Hamilton, Felipe Massa, Jean-Eric Vergne and Sergio Perez all suffered dramatic blow-outs during the race, forcing teams to urge their drivers to take things easy and avoid kerbs wherever possible.
Hamilton, whose rear left tyre exploded on lap nine while he was clear out in front of the field, was clearly shaken and outraged at having his life put in jeopardy by the tyres.
“The safety is the biggest issue," said Hamilton. "It's just unacceptable.
"We had that tyre test to develop and improve the tyres to stop that from happening and after that tyre test they didn't do anything.
"Someone could've crashed. I was thinking behind the safety car that it's only when someone gets hurt that something will be done about it."
Manufacturers Pirelli have been in meetings with the FIA and teams, are being pressured to act before the F1 circus arrives in Germany later this week.
Red Bull have led calls for teams to revert to 2012 specification tyres, calling it a "sad state if affairs", while Ferrari star Felipe Massa claims the sport was lucky that nobody was killed.
"I think we were lucky that in all the accidents the driver was able to carry on without crashing," Massa said.
"But if that happens in a corner you can have a big accident and this is really not nice. What happened today was very dangerous for us, for me and for all drivers racing...
"Many people say it's because of the kerbs or the debris, but it's not the first time, so for me it's unacceptable and we need to do something for our safety."
Perez suffered two blow-outs over the weekend, one in Saturday morning’s free practice session and another in the later stages of Sunday’s race – and he was even more outspoken.
"We are risking our lives and we shouldn't wait until something happens to all of us," he said. "If it happens at 250km/h it will be a big shame so Pirelli has some work to do."
FIA Race director Charlie Whiting sent the safety car out several times as stewards worked frantically to clear debris, and he later admitted that he had been on the verge of abandoning the race altogether.
It was quite close to being red-flagged; it did occur to me to do that," explained Whiting after the race.
When asked if just one more failure in that phase of the race would have been enough, Whiting replied: "I'm not going to give a specific number. Obviously to clear up all that debris was putting marshals at risk, and it is not satisfactory.
"We haven't seen a failure like this before; we have seen other types of failure - and that is what has been addressed.
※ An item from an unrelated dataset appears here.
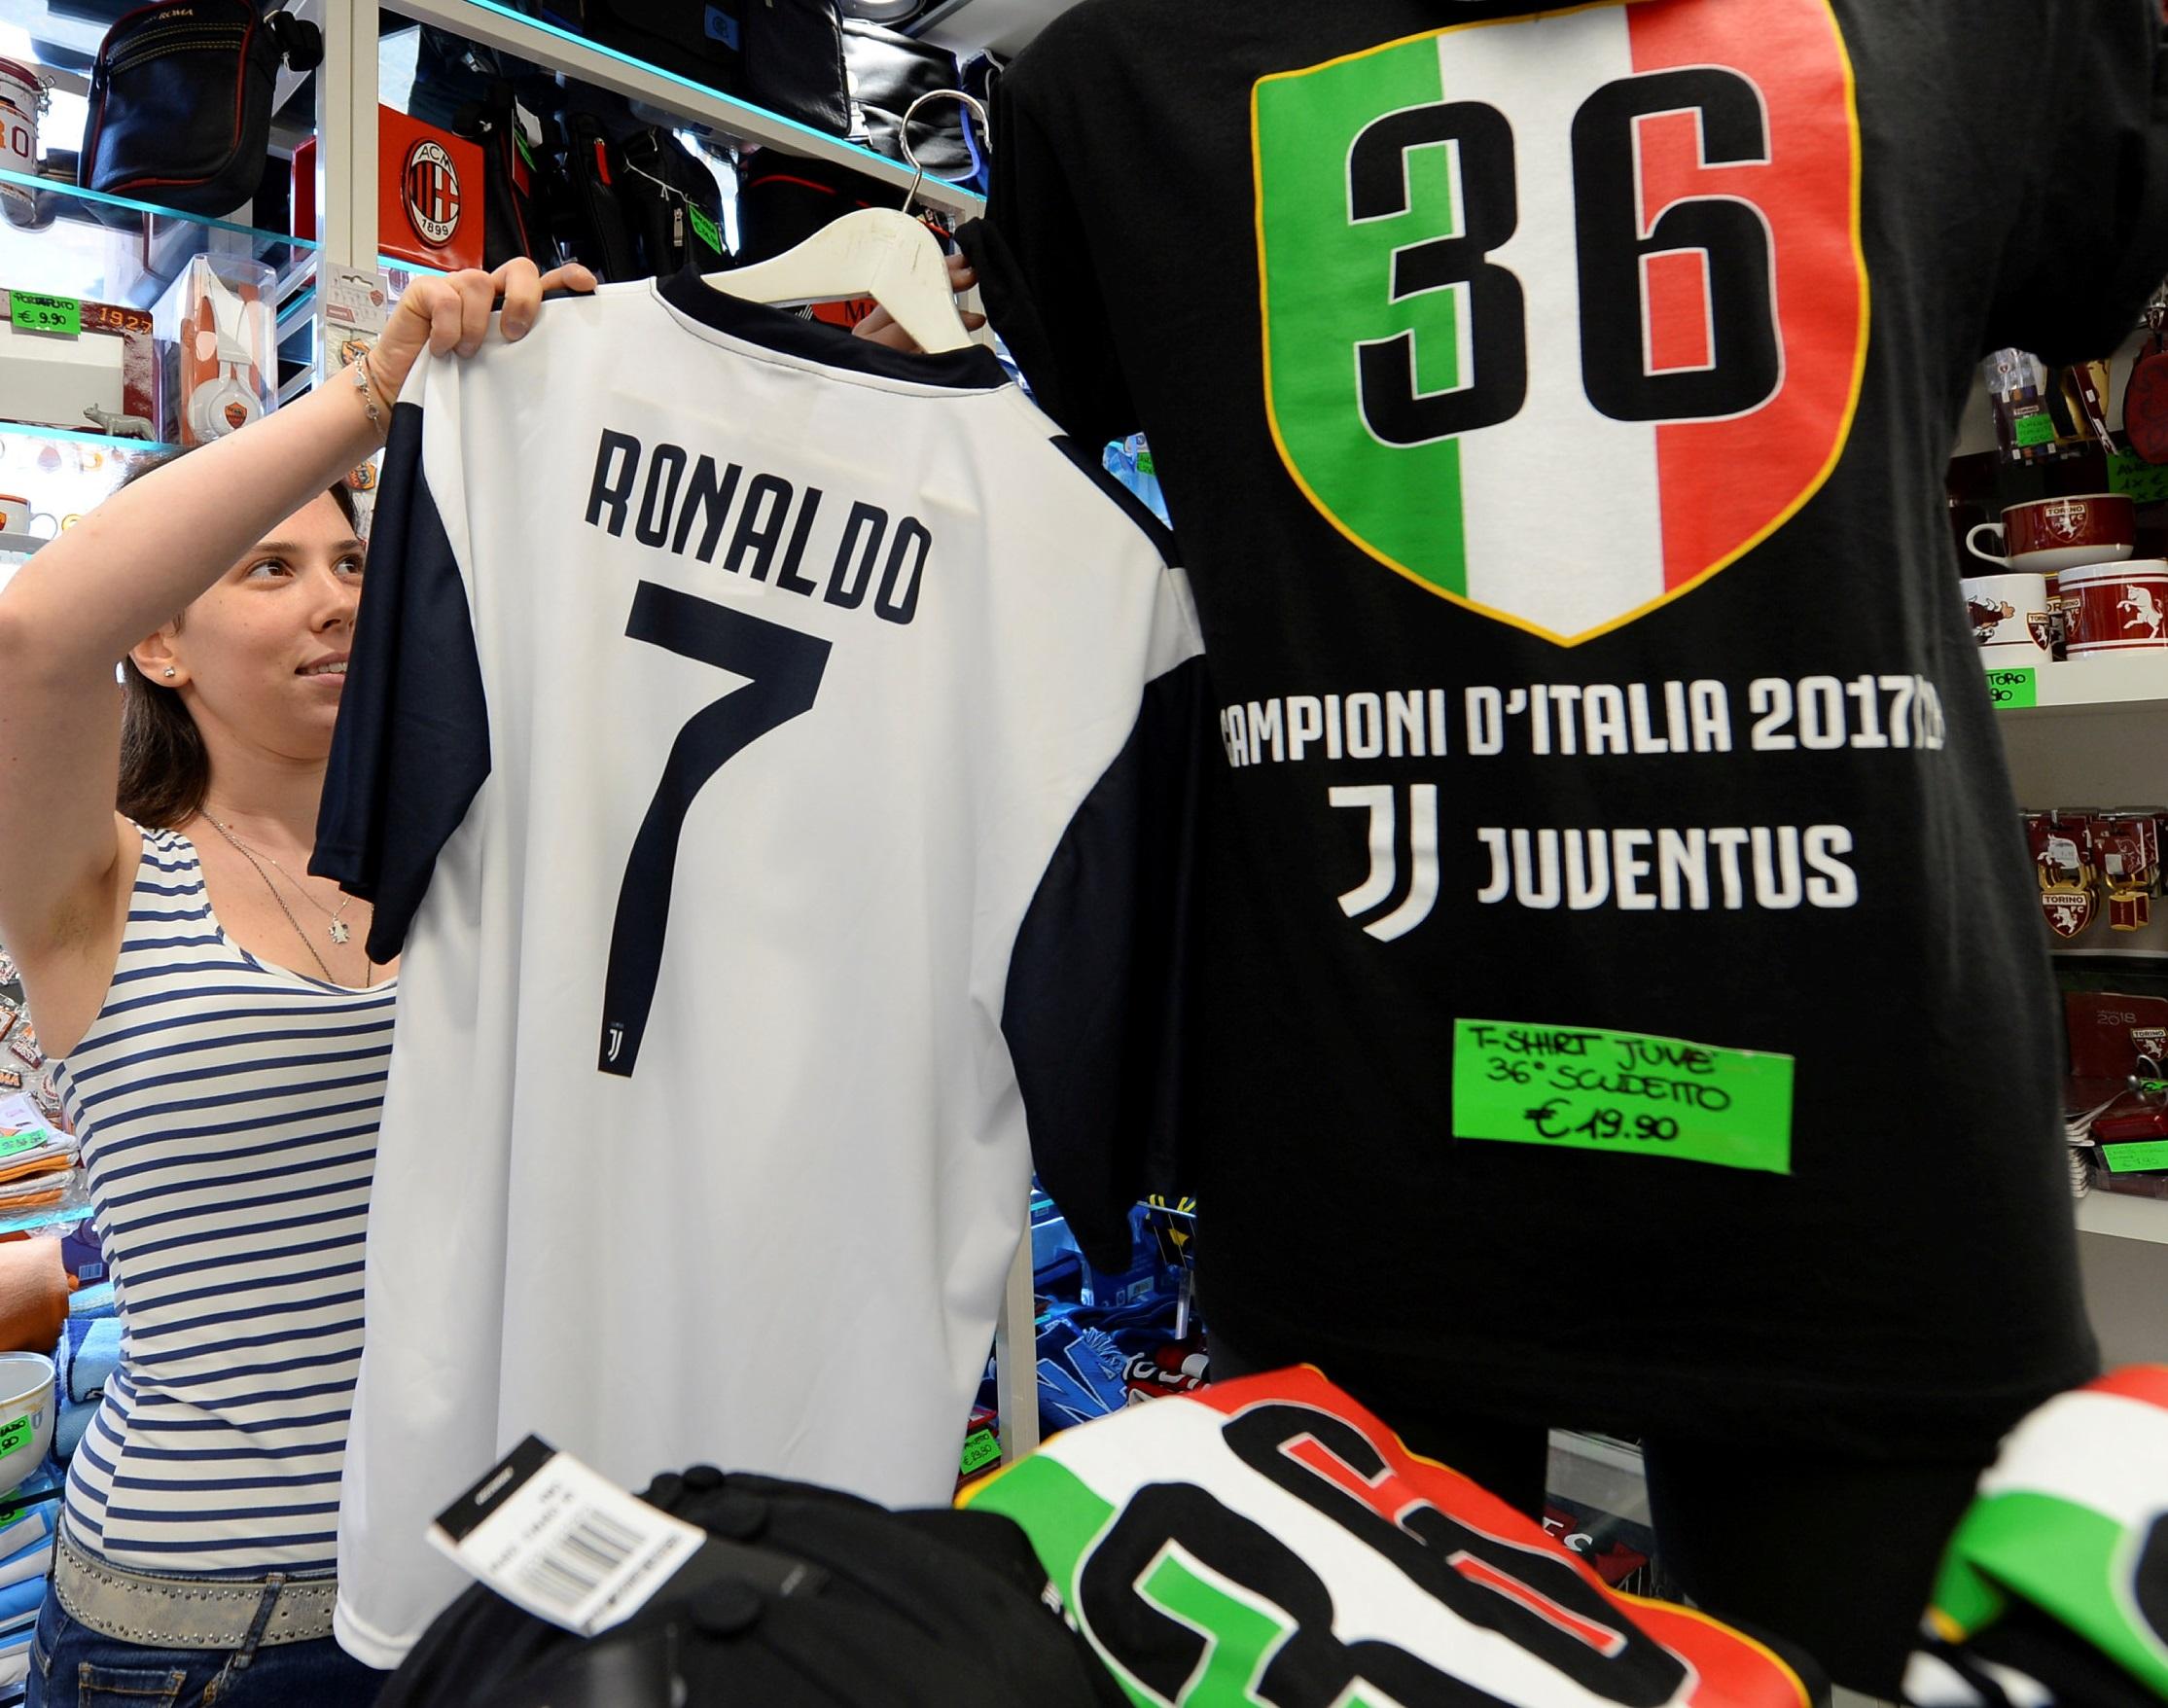 Camiseta de Cristiano Ronaldo é vendida em Turim 650043cfe3f2d
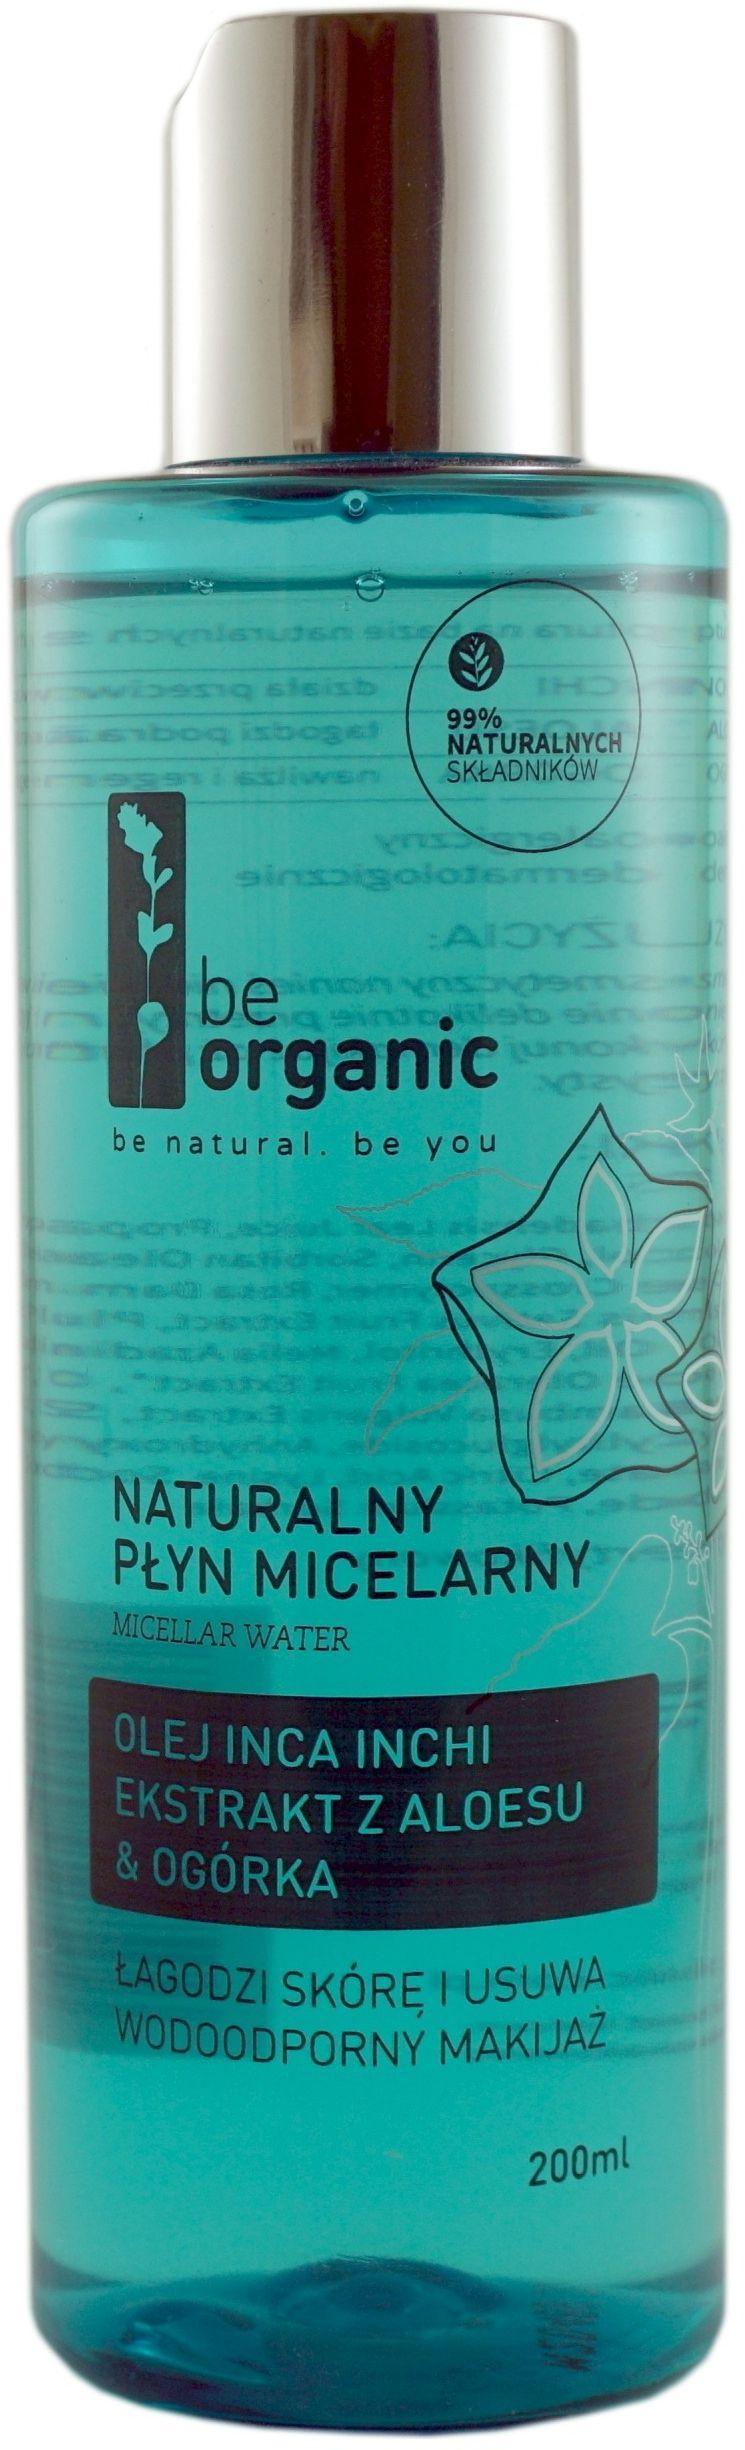 Naturalny Płyn Micelarny 200ml - Be Organic

So we need to analyse it very carefully to see if we can establish the cause."
There has been huge criticism of Pirelli’s tyres this season, which have deteriorated extremely quickly – though Hamilton’s Mercedes has struggled more than almost anyone else to keep its tyres in good condition.
The irony is that the tyre manufacturer had intentionally designed tyres that would wear quicker in order to increase the amount of overtaking and the drama expected via pit stops this season.
But it appears that the huge strain caused by Silvertone’s high-speed corners – among the fastest in motor racing – together with high temperatures during Sunday’s race were too much for the tyres to take.
All the tyres that exploded were on the rear-left of the car, and all went at slightly different parts of the circuit.
Pirelli motorsport director Paul Hembery said that his company were mystified by the blow-outs and were desperately trying to get to the bottom of it.
"Obviously today wasn't foreseen," he said.
"We've seen something new, a different type of problem.
"We're currently performing our analysis. We've got to go away and understand what's happened today.
"When we've got the facts we can understand what's happened and get to the core of the issues.
"We take these things seriously and when we have the answers I'll let you know.
"It's pointless me adding anything else until we have all the facts."
Whiting backed that approach:
"It is too early to draw any conclusions," he said.
"They have a lot of analysing to do, including the tyres that didn't fail – because maybe we will find something there that was on the verge of failing that will give us a better indicator of what happened.
"It is too early to say what will happen, so it's too early to say what needs to be done."
Pirelli did insist that a new bonding process used for the tyres for the British Grand Prix could not be to blame.
But Red Bull's Adrian Newey suggested that the heart of the problem was several teams - including Ferrari - refusing to accept the new, better-wearing tyres offered by Pirelli ahead of the Canadian Grand Prix last month.
"It's been fairly clear that there has been a number of worrying tyre failures through the year, Pirelli came out with a solution to that - or appear to have come up with a solution with a different construction that was being offered initially for Montreal," he said.
"Two or three teams vetoed that because they were worried that it would suit some other teams more than it would suit them and as a result of that short-sightedness we end up with Formula One putting on the worrying performance that it did today and concerns over driver safety."